Mal 4:2 (Heb: 3:20) in the KJV reads:
But
unto you that fear my name shall the Sun of righteousness arise with healing in
his wings; and ye shall go forth, and grow up as calves of the stall.
The Hebrew literally reads “healing in her wings,” as “sun” (שֶׁ֣מֶשׁ) and “wing” (כָּנָף) in Hebrew are grammatically feminine. However (and this is lost on a lot of people, including a few LDS) sexual gender and grammatical gender are not one-to-one equivalent to one another. Indeed, scholars believe that YHWH is in view here, and “his” is a correct interpretation of this verse.

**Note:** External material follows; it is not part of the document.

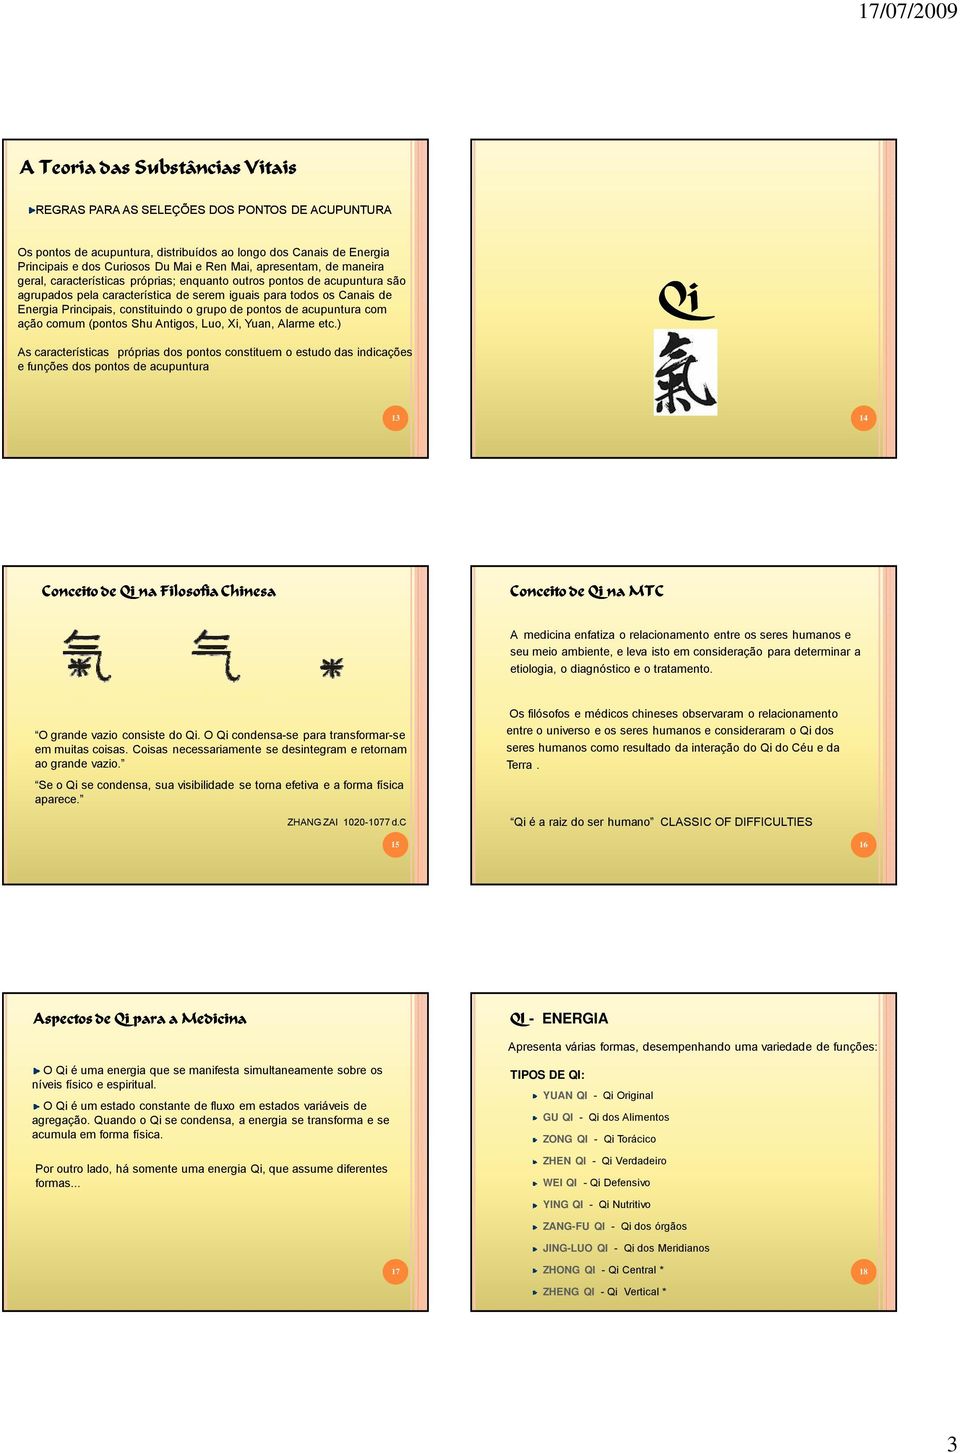 acupuntura com ação comum (pontos Shu Antigos, Luo, Xi, Yuan, Alarme etc.

In his 2022 essay, “Iconography
on Hebrew Seals and Bullae Identifying Biblical Persons and the Apparent
Paradox of Egyptian Solar Symbols,” Stanhope notes that YHWH (and, in related
literature, other male deities such as El and Marduk) have solar imagery
applied to them, including Mal 4:2:
1.
Biblical Evidence. In the case of the first, evidence for a solarized
Yahweh in the Iron Age is now widely recognized by scholars, and I briefly
belabor it here since it must be held in mind when considering all of the
remaining artifacts to be examined in this study. The Isaiah tradition unambiguously
figures Yahweh as the luminous ‘breaking’ and ‘rising’ ‘dawn’ in Isa. 58.8 and
60.1. In 60.19, it is even said that Yahweh’s glory will eternally replace the
sun in the New Creation. Deuteronomy 33.2 likewise speaks of Yahweh ‘dawning
from Seir . . . shining forth from Mount Paran’. Psalm 84.11 figures Yahweh as
a ‘sun and shield’ and ‘would seem to constitute a description in accordance
with the divine presence in the Jerusalem temple’.
Malachi
3.20 (Eng. 4.2), contains language that conceptually interfaces with Isa. 58.8,
and refers to Yahweh as a sun with healing in his wings ‘שׁמשׁ צדקה ומרפא בכנפיה’. In his rebuttal to Cross, Lubetski reasonably
opposed the use of Malachi to contextualize the theology of Hezekiah’s period.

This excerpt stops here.